First launched in May 1973, Skylab was 36 metres long and 6.7 metres wide, weighing in at 90.6 tonnes. During the launch, a micrometeoroid shield and solar panel were torn off, and another solar panel was damaged, putting the entire mission at risk of damage or running out of power. Three astronauts arrived at the orbiting Skylab space station later that month, on a mission called the Skylab 2. The astronauts were Commander Charles Conrad, along with Paul Weitz and Joseph Kerwin. The astronauts conducted a record-breaking 3 hour 25 minute space walk in order to repair the damage to the station. The repairs were successful, and the Skylab 2 crew stayed on board the Skylab Station for 28 days, breaking the record of the Soviet Soyuz 11 crew for the longest time spent in space.

The second manned mission to the Skylab Station arrived in July 1973, and was referred to as the Skylab 3 Mission. The astronauts of Skylab 3 were Commander Alan Bean, Jack Lousma, and Owen Garriott. This mission broke further records, with a 6 hour 29 minute spacewalk to conduct further repairs to the Station. They also spent a record 59 days in space. The Skylab 4 mission arrived in November of 1973, with Commander Gerald Carr, William Pogue, and Edward Gibson on board. The Skylab 4 once again extended the record of the longest spacewalk to 7 hours, and spent a record breaking 84 days in space. While the Skylab 4 crew were in space, the Soviet Soyuz 13 was launched with 2 Russian astronauts on board. The record of 5 people in space at the same time stood for 9 years.

During its six years in orbit, Skylab made possible some very significant achievements in space travel. A great many experiments were done on board Skylab, as well as observations and photography of the sun and the Comet Kohoutek. Other experiments involved taking two spiders, who were named Anita and Arabella, on board to see how they were able to spin webs in zero gravity. Skylab also came equipped with a 45 kilogram IBM computer, which operated successfully during the mission, despite only having a 16,000 word memory and a backup system stored on magnetic tape. There were many other ‘firsts’ on Skylab, including the first space shower, which took two and a half hours to use.

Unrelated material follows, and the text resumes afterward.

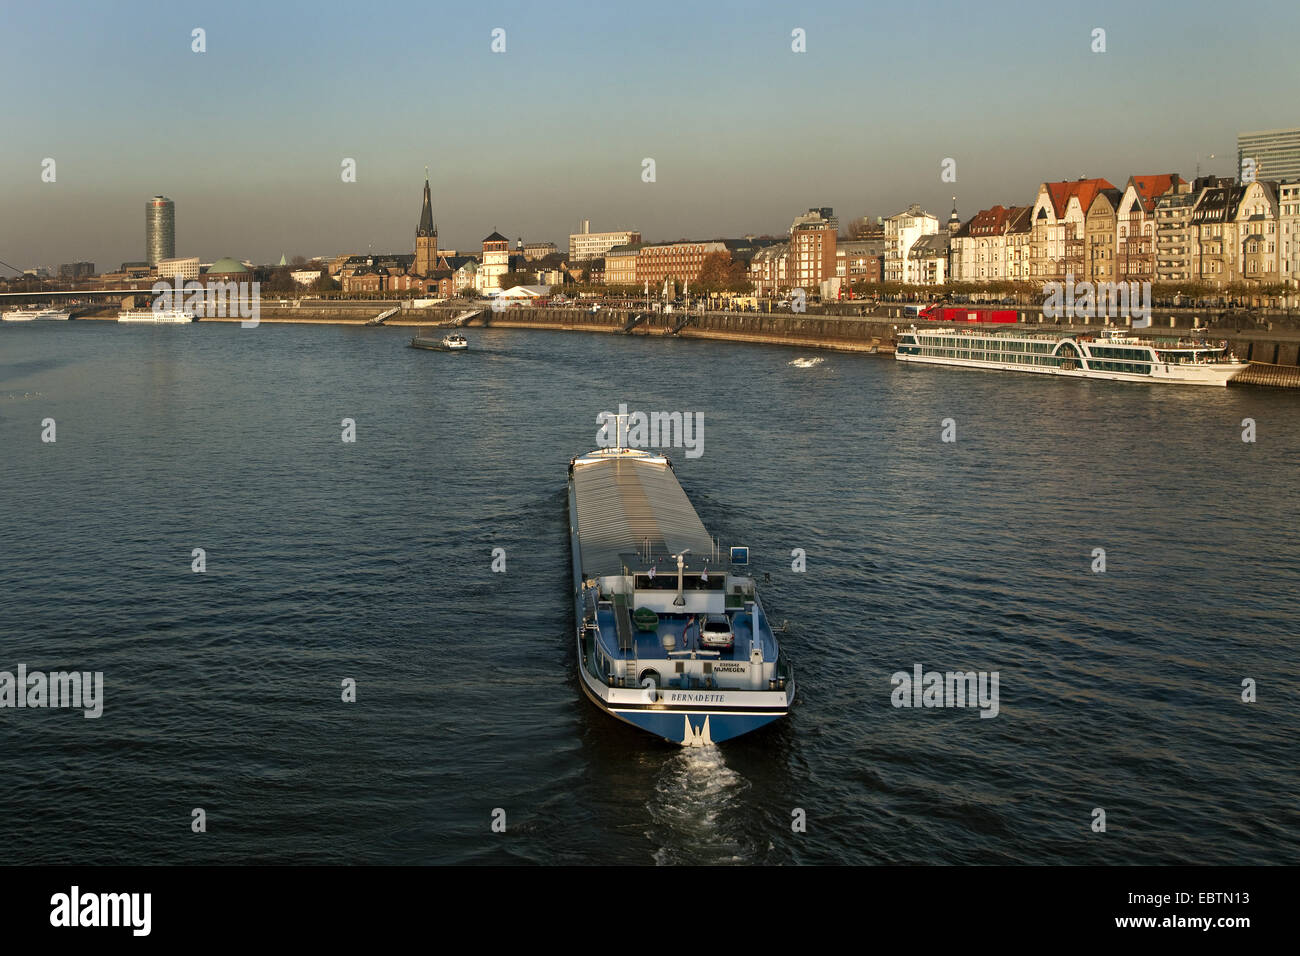 ships on Rhine river, Ergo assurance building, St. Lambertus church and castle-tower in background, Germany, North Rhine-Westphalia, Duesseldorf Stock Photo
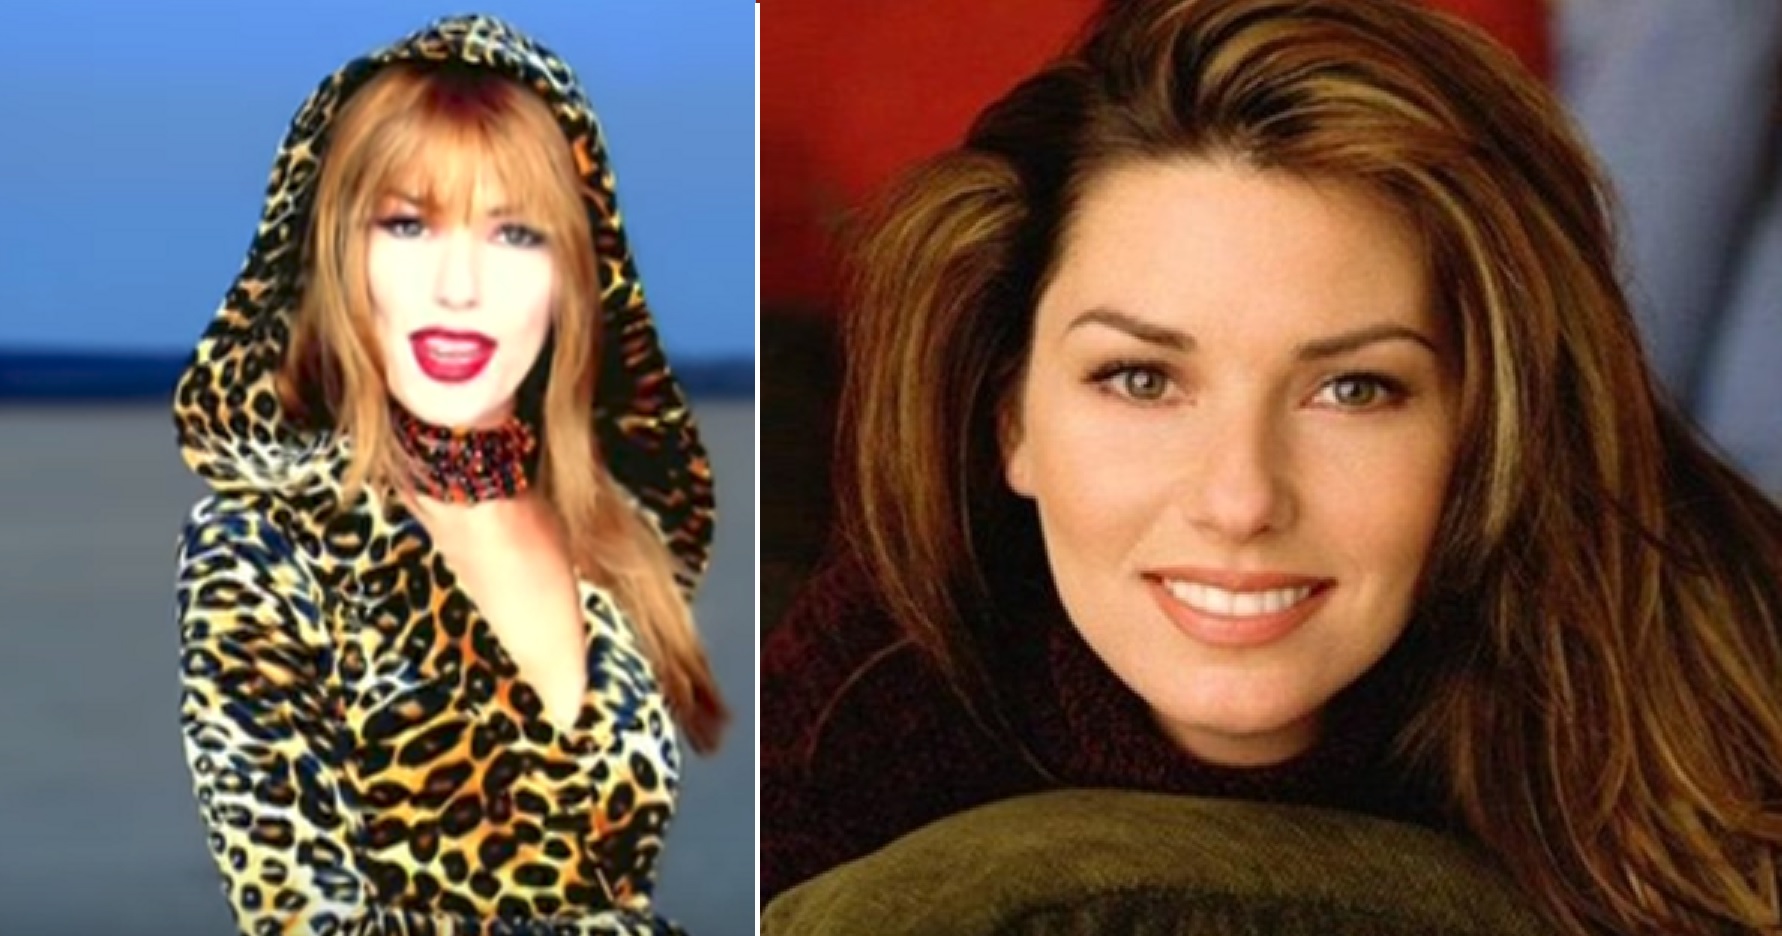 The Top 10 Best Songs Of Shania Twain – The Timeless Queen of Country/Pop

The Skylab program cost US$2.2 billion, which would be over US$10 billion today. As well as being a significant part of the US space program, Skylab also lead to great advancements in our knowledge of space. Skylab also made possible the development of the International Space station. Around thirty pieces of Skylab have been donated to the Esperance Museum, and are on display as part of their Skylab display which is well worth checking out!